Il Consiglio superiore della magistratura non ci sta. E ha deciso di costituirsi in giudizio nel ricorso presentato da Antonio La Rana contro la nomina di Francesco Testa. A cui il Csm, lo scorso 11 gennaio, ha conferito l’ufficio direttivo di Procuratore della Repubblica presso il Tribunale di Chieti. La Rana, in corsa per lo stesso incarico, si era rivolto al tar Lazio immediatamente, per chiedere di annullare la delibera assunta in violazione del testo unico della dirigenza giudiziaria e in difetto di comparazione tra i curriculum dei candidati: nella fase istruttoria Palazzo dei Marescialli ne avrebbe sminuito (a favore del concorrente poi risultato vincitore), il profilo professionale, sottovalutando la ricca e variegata carriera, nonché i pareri, ampiamente favorevoli, riportati a sostegno della sua candidatura.

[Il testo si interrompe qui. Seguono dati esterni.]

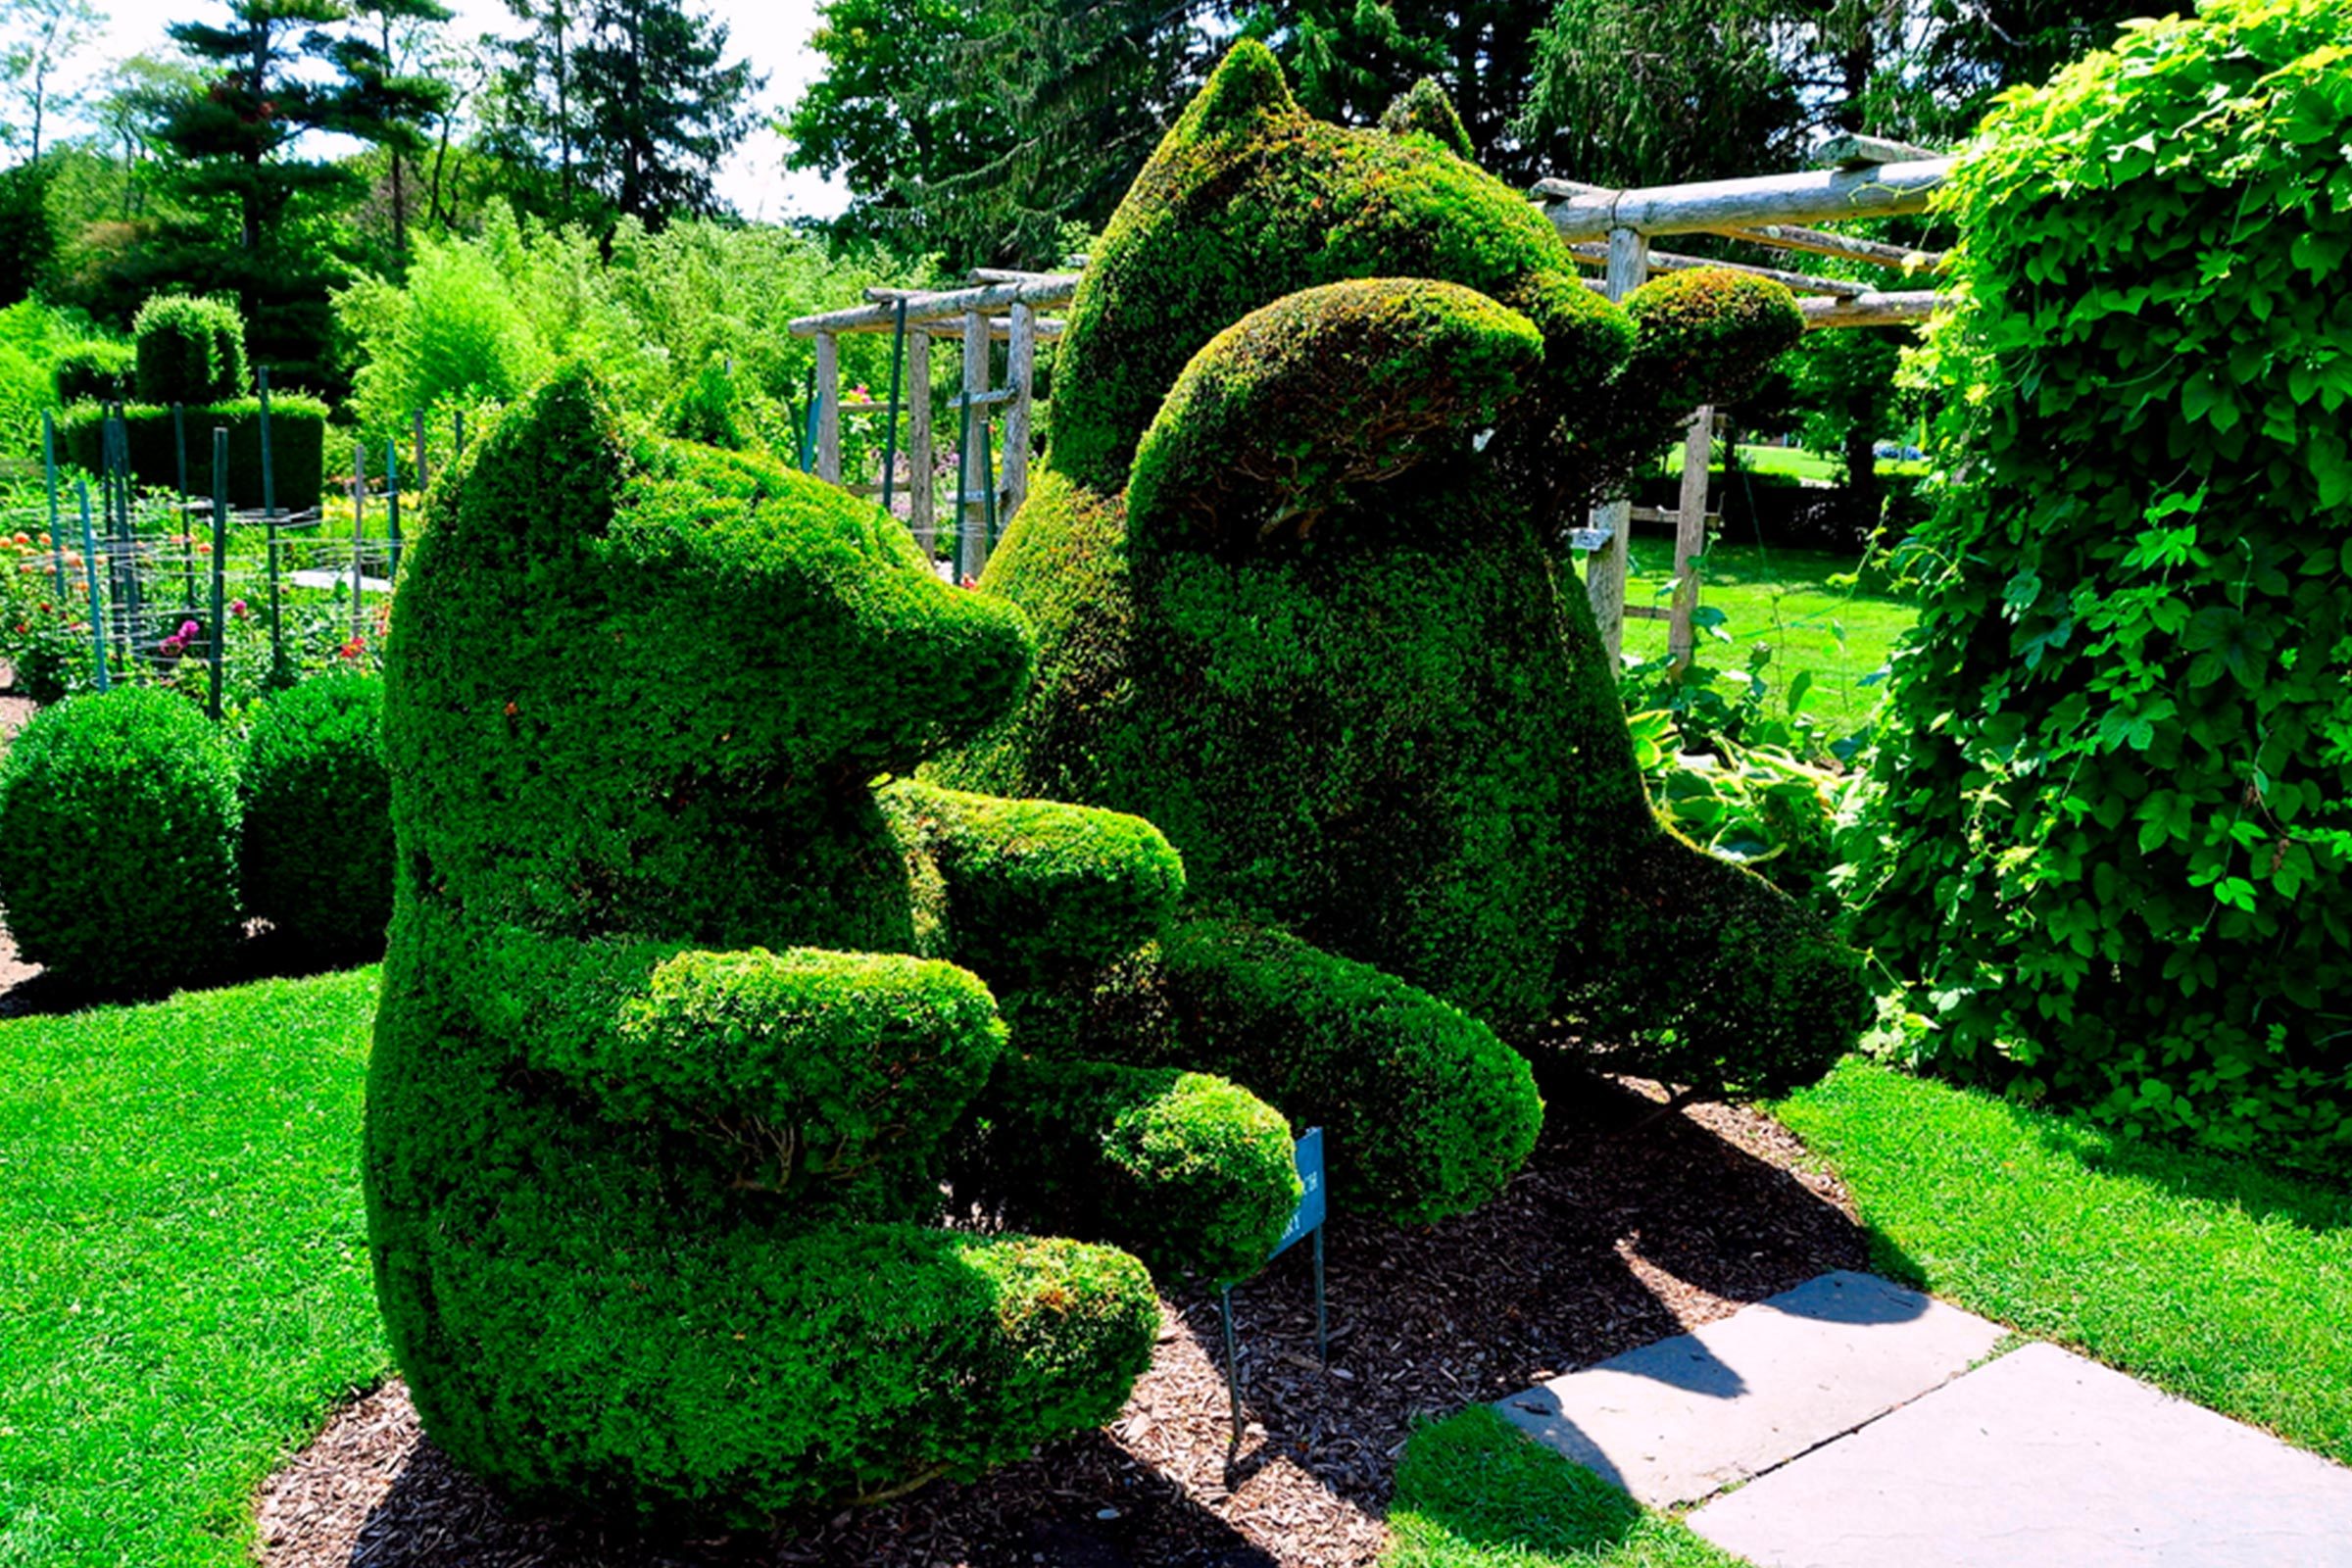 <p>All the animals in this seven-acre park are carved out of trees. The <a href="https://www.tripadvisor.com/Attraction_Review-g54105-d267888-Reviews-Green_Animals_Topiary_Garden-Portsmouth_Rhode_Island.html" rel="noopener">Green Animals Topiary Garden</a> is the oldest and northernmost topiary garden in the nation, and it's worth a detour if you're visiting the Newport Mansions.</p> <p class="listicle-page__cta-button-shop"><a class="shop-btn" href="https://www.tripadvisor.com/Attraction_Review-g54105-d267888-Reviews-Green_Animals_Topiary_Garden-Portsmouth_Rhode_Island.html">Learn More</a></p>

Lo stesso magistrato che attualmente è procuratore generale vicario a Campobasso ha impugnato analoghe delibere del Csm: era infatti in lizza anche per la carica di Procuratore generale della Repubblica presso la Corte d’Appello dell’Aquila. Come noto il Consiglio superiore gli ha preferito Pietro Mennini. Ma poi il tar a sorpresa ha rimesso tutto in discussione accogliendo il ricorso di La Rana. Cosa più unica che rara come dimostrano le statistiche: secondo un report aggiornatissimo elaborato proprio dal Csm non solo il contenzioso amministrativo sulle nomine per gli incarichi giudiziari, direttivi e semidirettivi, è in calo. Ma si sono ridotti al lumicino anche i casi in cui tali ricorsi vengono accolti.

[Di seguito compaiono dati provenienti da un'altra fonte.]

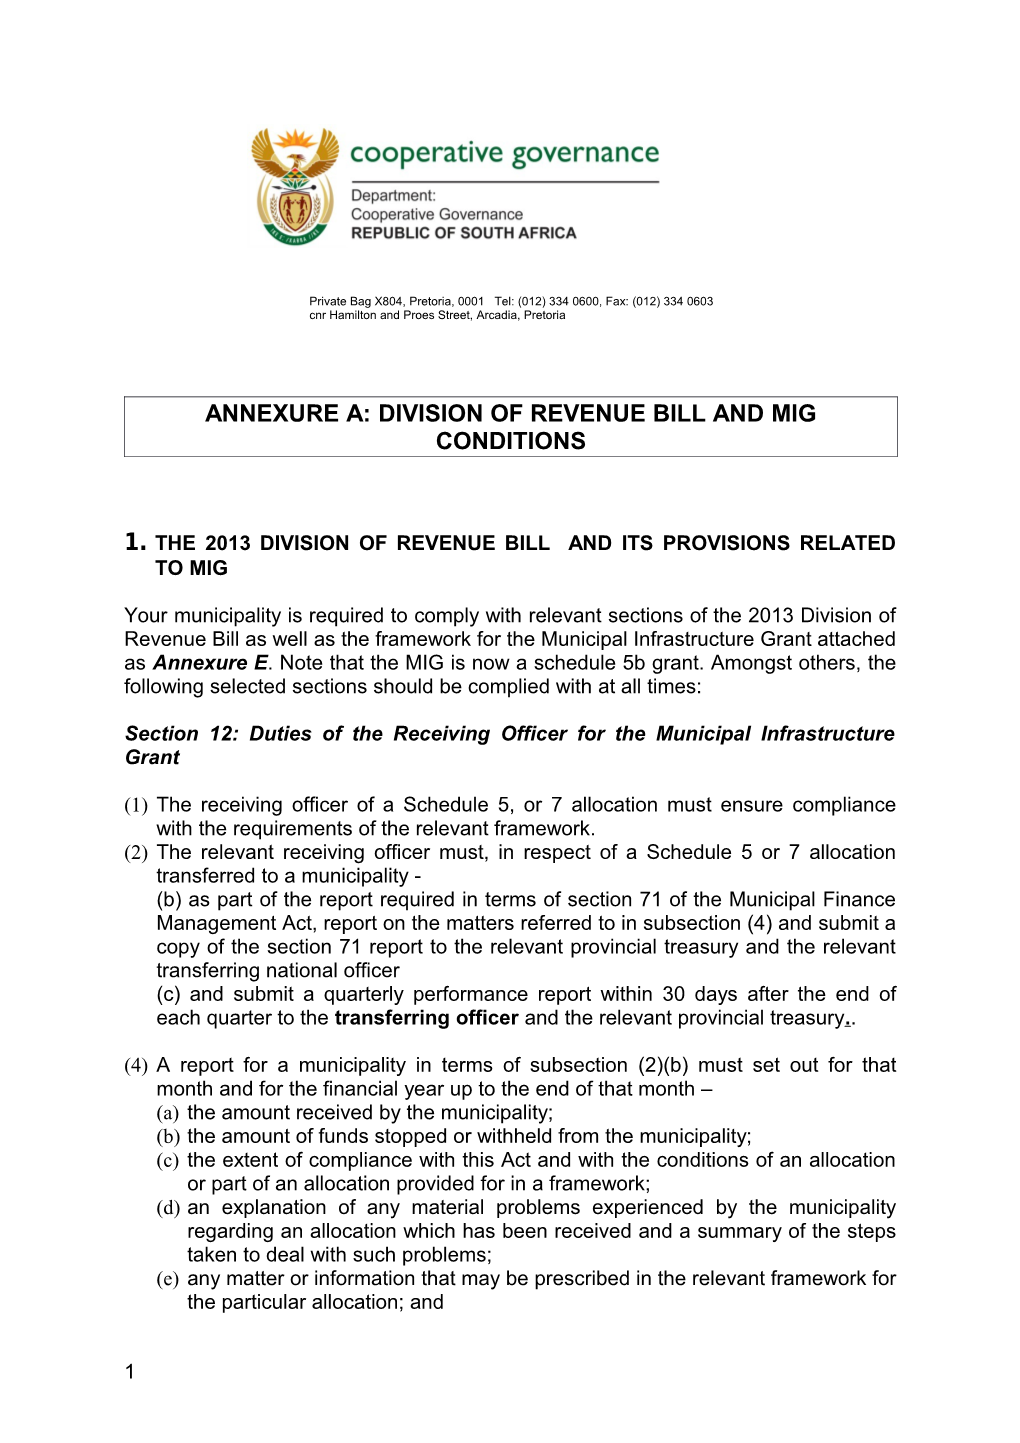 Annexure A: Division of Revenue Bill and Mig Conditions

La Rana sembra invece rappresentare un’eccezione. A ottobre del 2016, come detto, ha visto accolte le sue doglianze dal tribunale amministrativo regionale del Lazio davanti al quale aveva evidenziato come Mennini non possedesse, al momento della nomina da parte del Csm, un requisito previsto dalle norme. E cioè l’aver frequentato il corso per aspiranti dirigenti. Cosa assai comune, almeno fino a due anni fa. Se si pensa che erano poche le toghe in tutta Italia che risultavano aver partecipato ai corsi per aspiranti dirigenti tenuti dalla Scuola superiore della magistratura per i posti messi al bando il 30 giugno 2015: in tutto 136 pari ad appena il 26,36% degli aspiranti. Cosa che aveva spinto il Csm ad approvare una deroga sui corsi in questione, data l’urgenza di coprire un numero elevato di uffici vacanti e dati tempi rallentati di attivazione della formazione.

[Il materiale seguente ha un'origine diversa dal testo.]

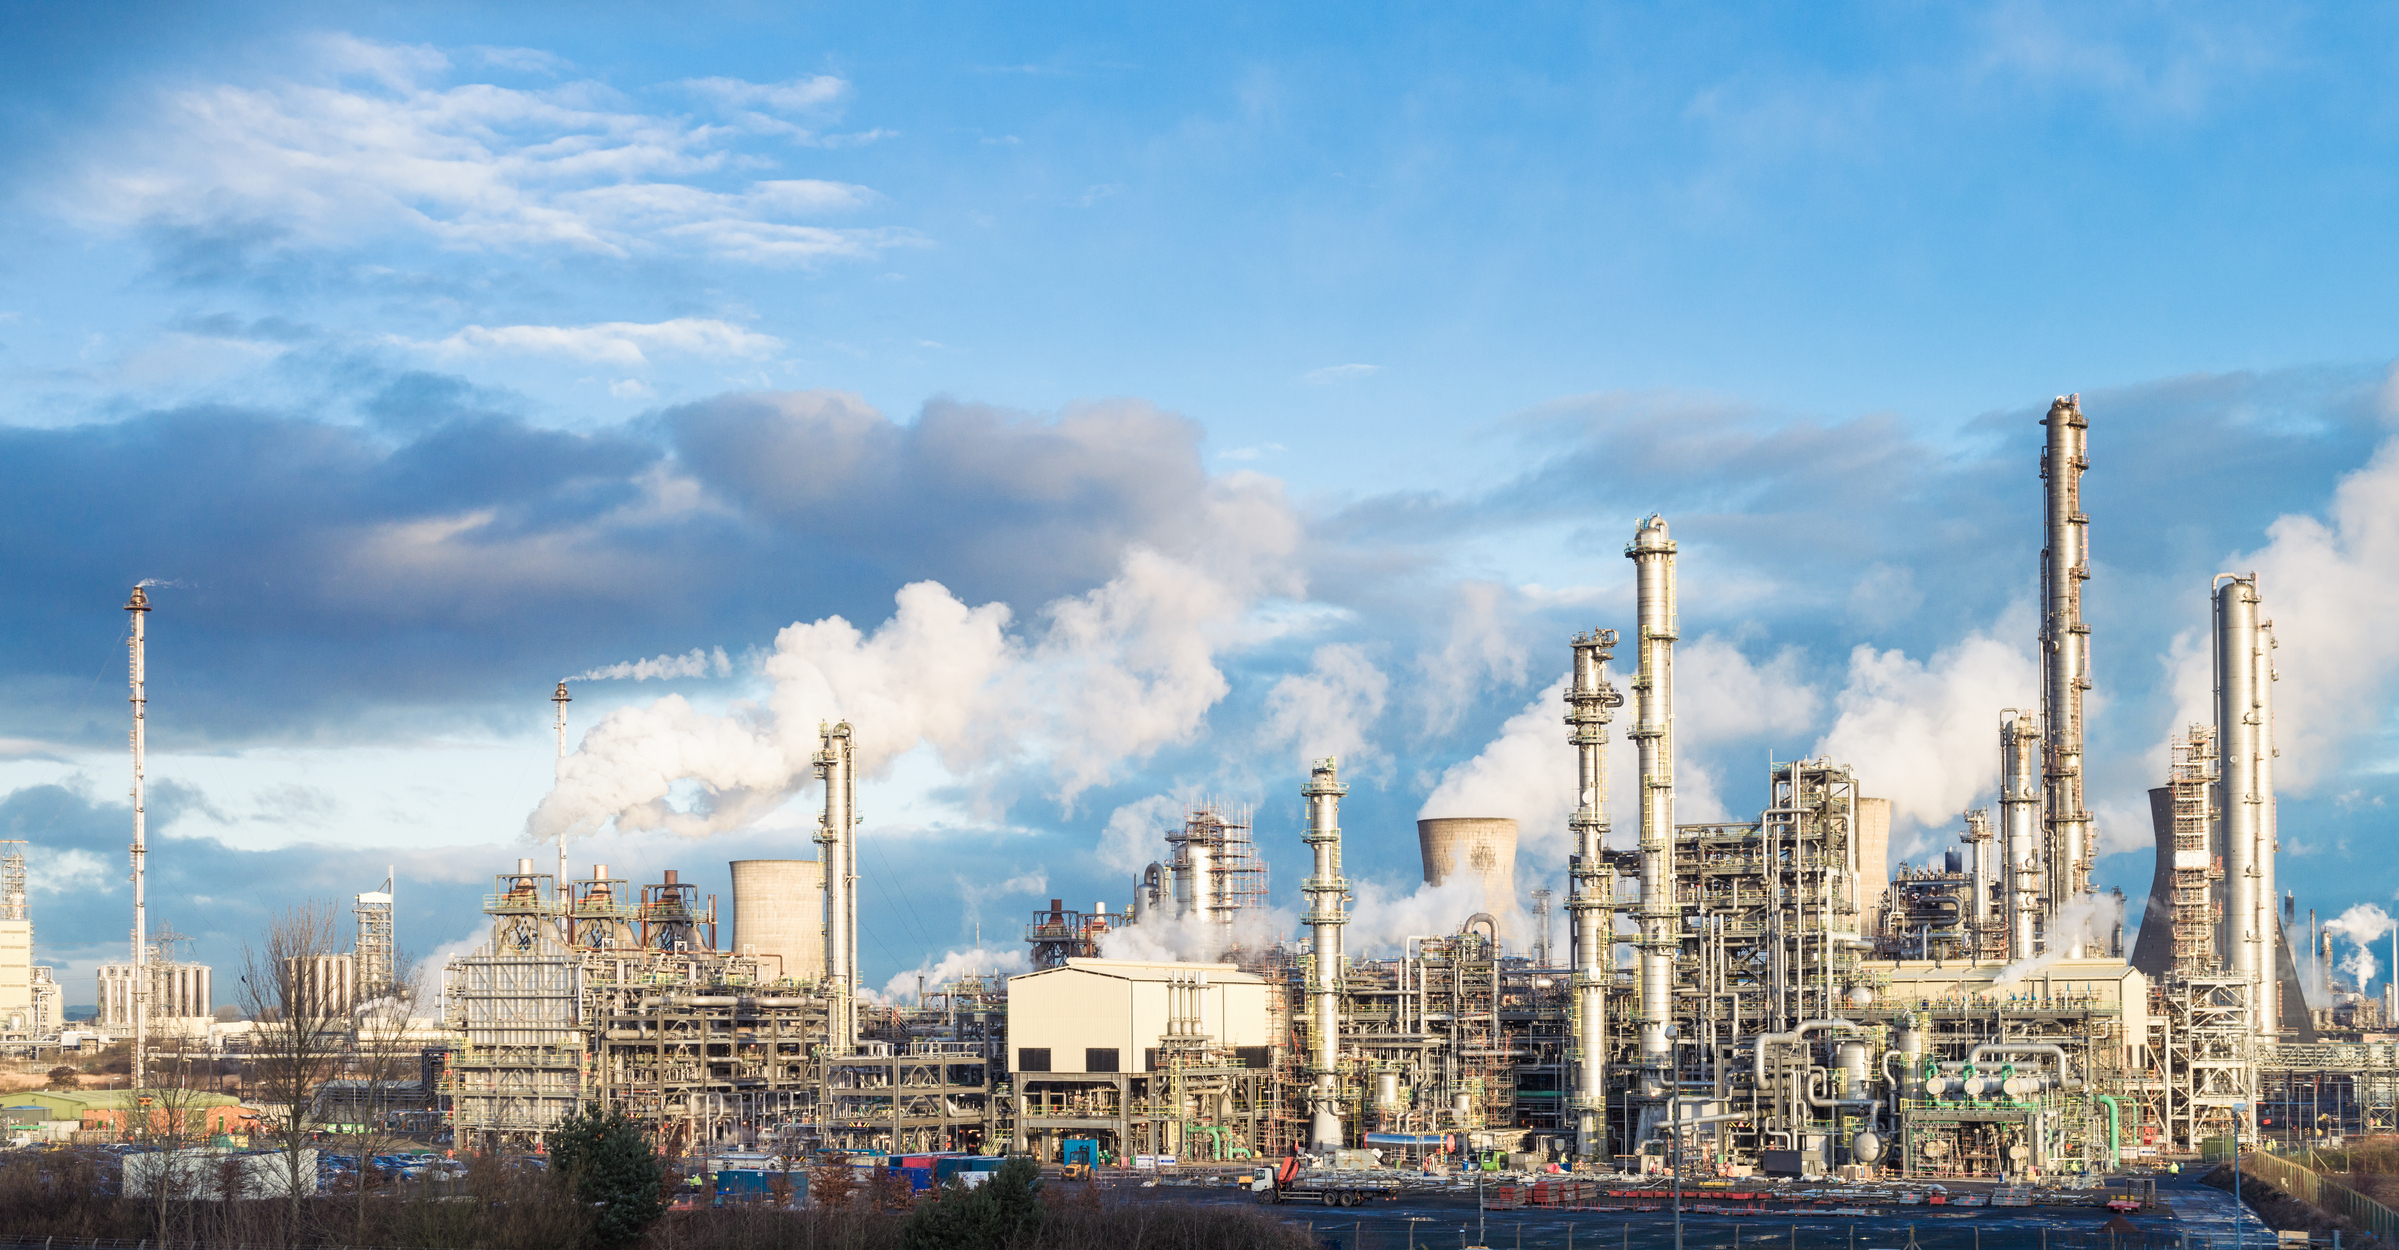 A panoramic image of Grangemouth petrochemical plant in central Scotland.

Ma il tar non ha voluto sentire ragioni e ha comunque accolto il ricorso di La Rana, che il corso, manco a dirlo invece lo aveva fatto eccome. Risultato: l’annullamento della nomina di Mennini poi congelato dal Consiglio di Stato in sede cautelare il 21 gennaio di quest’anno. E ora, sull’Aquila si è in attesa della decisione finale. L’udienza di fronte alla Suprema magistratura amministrativa per la discussione del merito del ricorso si svolgerà il prossimo 6 luglio. Una decisione che potrebbe fare da spartiacque all’Aquila ma anche ad altre latitudini.